Apple is building a massive new campus.

The tech giant is outgrowing its headquarters in Cupertino, necessitating the construction of a brand new, multi-billion dollar campus. The so-called Apple Park is open as of April but is scheduled to finish construction later this year and will span 175 acres. That’s nearly 130 football fields.

Part of the Apple Park campus is the Apple Ring. It’s one single ring, about a mile in circumference and looks like an alien mothership landed in the forest.



What does this mean for investors?

Not a whole lot.

Don’t get us wrong. The entire thing is reminiscent of a super-villain constructing a massive not-so-secret lair. The ring is to be built using six kilometers of curved glass, and the campus will feature 9000 drought-resistant trees in its garden, as well as a 1000 seat theater named after Steve Jobs (slated to have the appearance of a MacBook Air). The entire construction seems to be an exercise in showing off Apple’s wealth and power, especially considering that the campus comes with a five billion dollar price tag.

There’s more than a touch of hubris about the endeavor. There are plenty of cases where companies have built huge showpiece campuses, only for the market to churn and cause companies to scramble.

From an investor’s perspective, it’s hard to argue against Apple’s decision. The campus will bring many of Apple’s employees, currently spread across the valley, together under one roof. It costs a lot of money but relative to Apple’s cash reserves, it doesn’t seem that insane.

Don’t worry, they are nothing like they are this guy……


Apple is well-known for having a giant pile of money at their disposal.
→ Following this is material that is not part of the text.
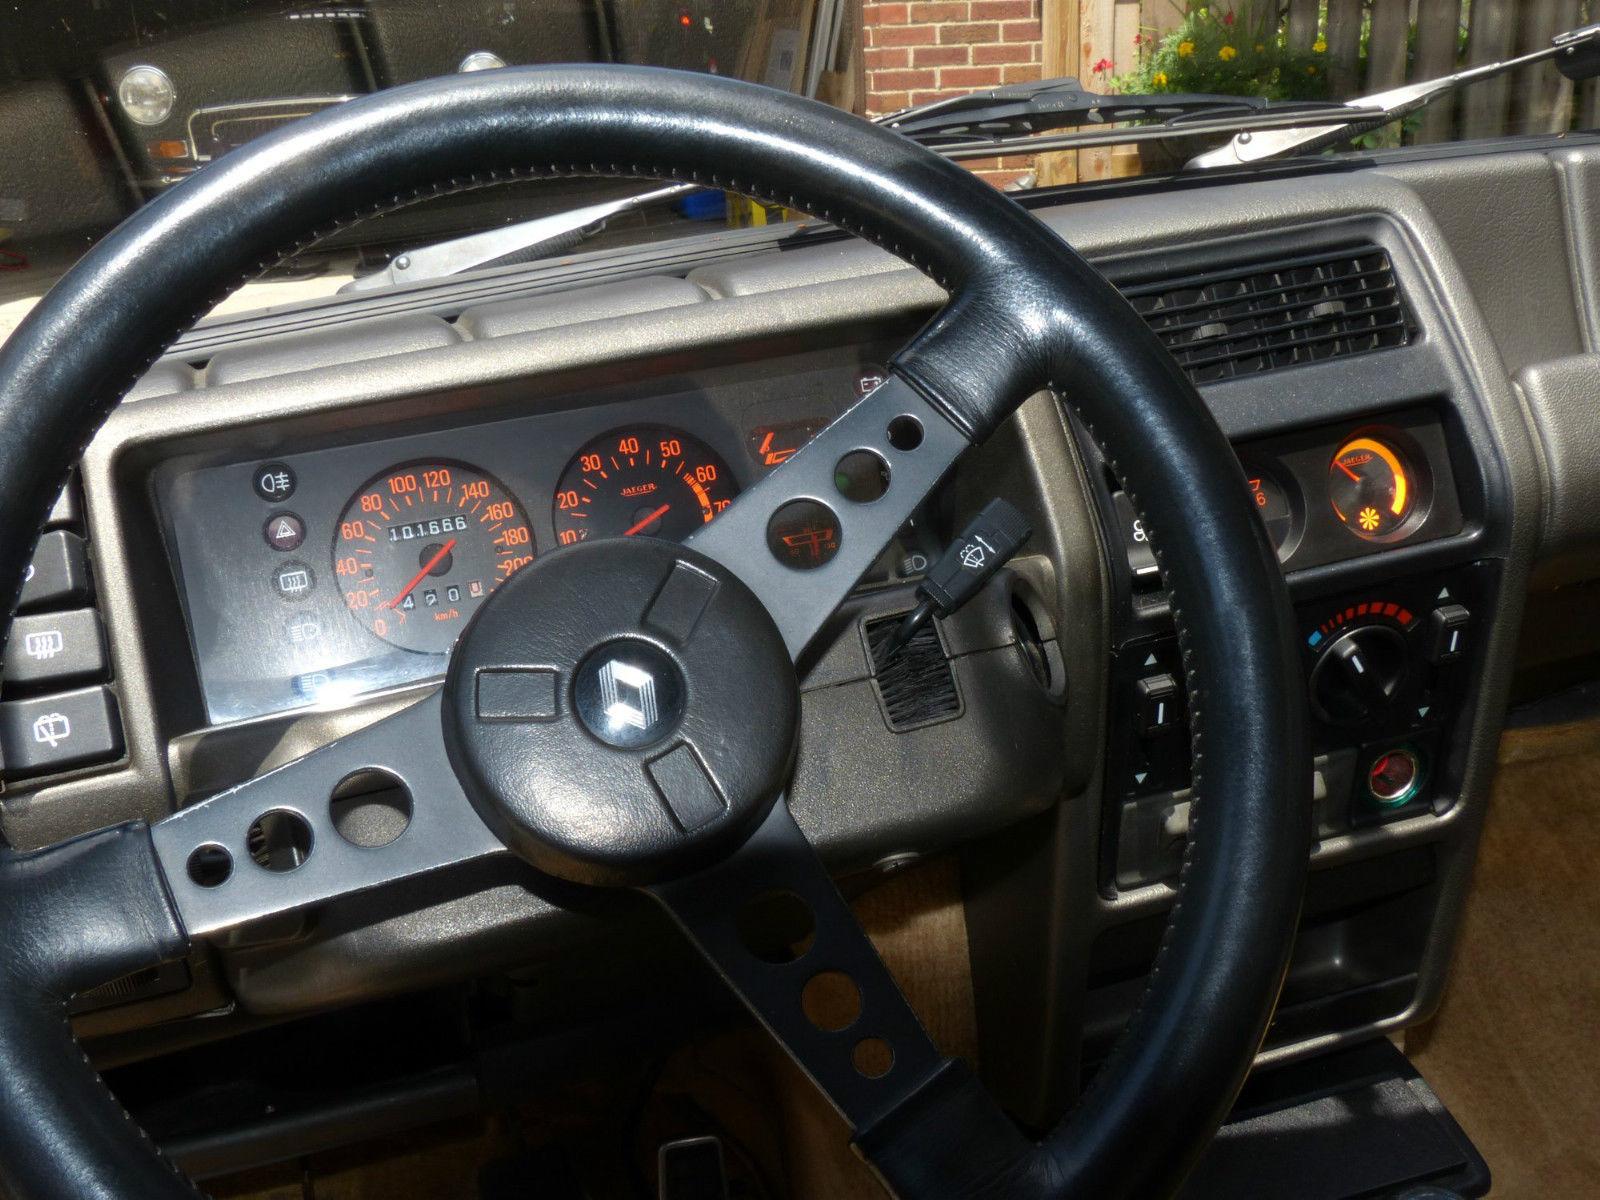 Renault 5 Turbo 20,3 millió forintért

By all accounts, they have somewhere between 200 and 250 billion dollars at their disposal. Even though the campus will cost $5 billion, it’s not that much relative to the amount of money Apple has saved up. If someone told you they wanted to use just 2-2.5% of the money that had in their savings account to build an incredibly well-designed condo for themselves,you would probably commend them on their sound financial sense.

Apple is just a money-making machine. Their revenues in 2016 were $215 billion, with about $50 billion in profits. The first quarter of 2017 also brought in another $53 billion in revenue. An investor worried that spending on a new campus counts as excessive spending doesn’t have an argument. Sure, could Apple have cut corners and saved a few hundred million? Probably, but the campus is just as much an exercise in branding as it is a place to work. It’s important that Apple, the champion of design, have a beautiful workplace.

What about dividends?

An Apple shareholder could say that the $5 billion dollars spent on the Apple campus would be better spent if it were used to increase the amount paid back to investors. Returning money to shareholders is a fan favorite and investors always want more money.
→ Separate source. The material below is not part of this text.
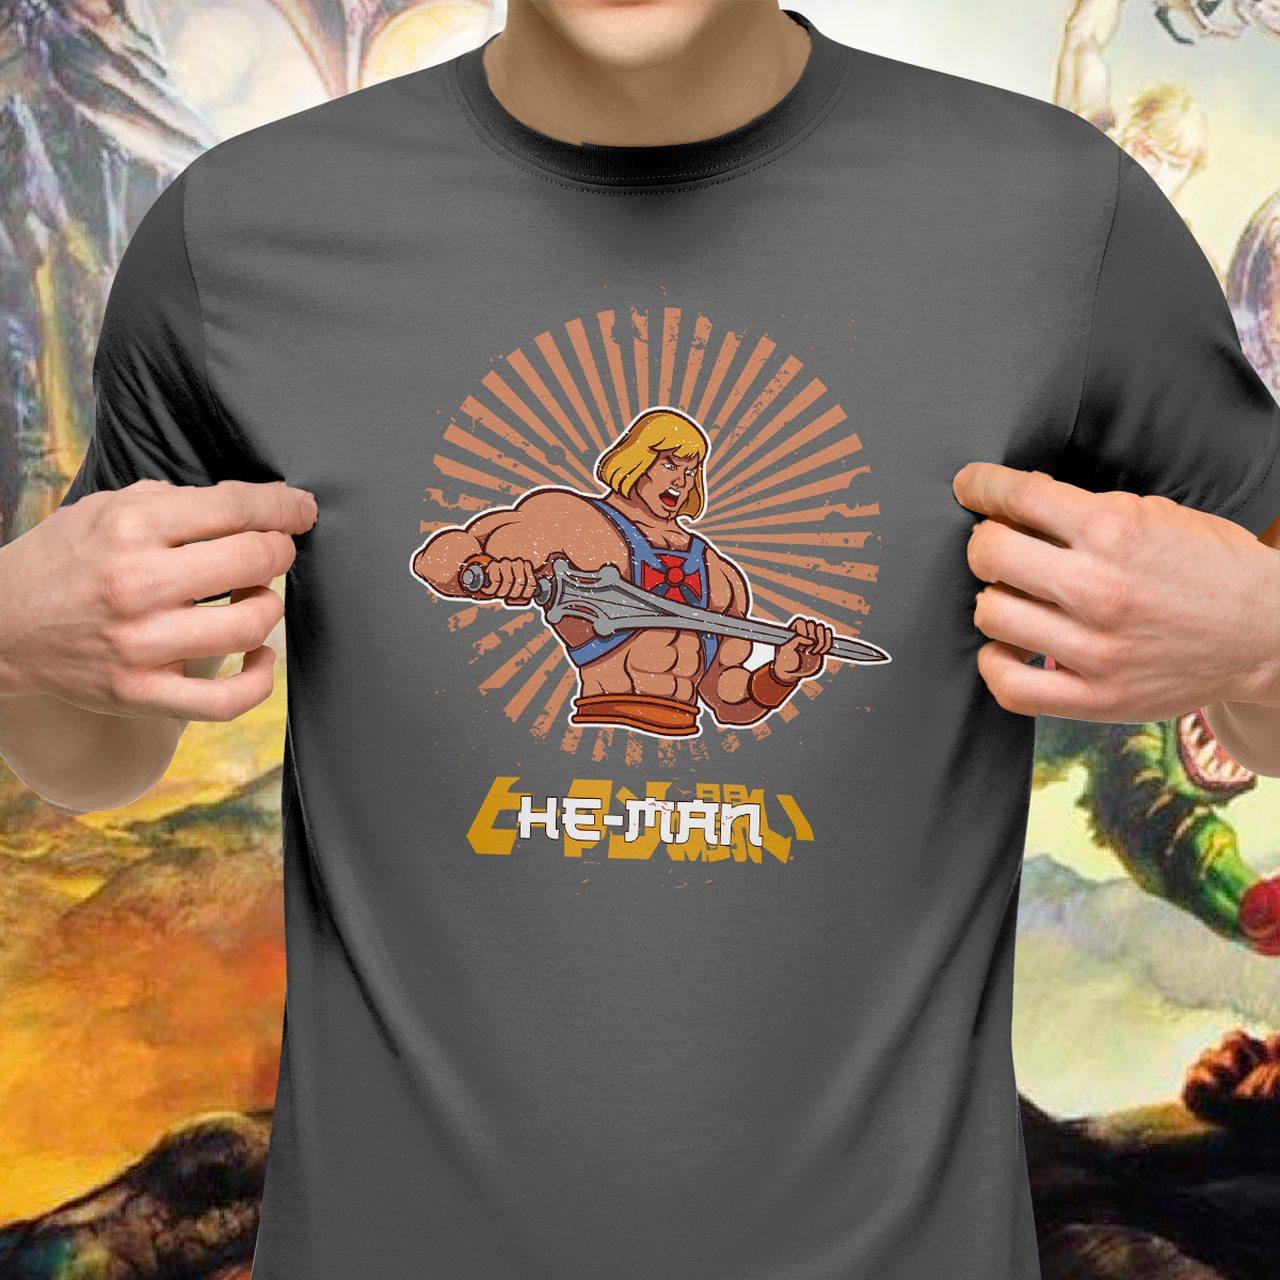 Camiseta Unissex He-Man: Mestres do Universo (Masters of the Universe)

Unfortunately, Apple is already doing a great job of giving money back. They recently announced 10.5% increase in their dividend payout amount – bringing it up to $13.2 billion annually. That increase puts Apple’s dividend at the top of the pile, surpassing second-place Exxon Mobil at $12.77 billion.

The increase marks Apple’s fifth consecutive dividend hike, one a year since Apple’s first payout in 2012.Exxon does have a higher dividend yield (i.e. they are more generous), but it is hard to argue that Apple isn’t already doing a lot for shareholders; they plan to return $300 billion, up from $250 billion, to investors by 2019.

Investors: you’re doing just fine. Let them have their park.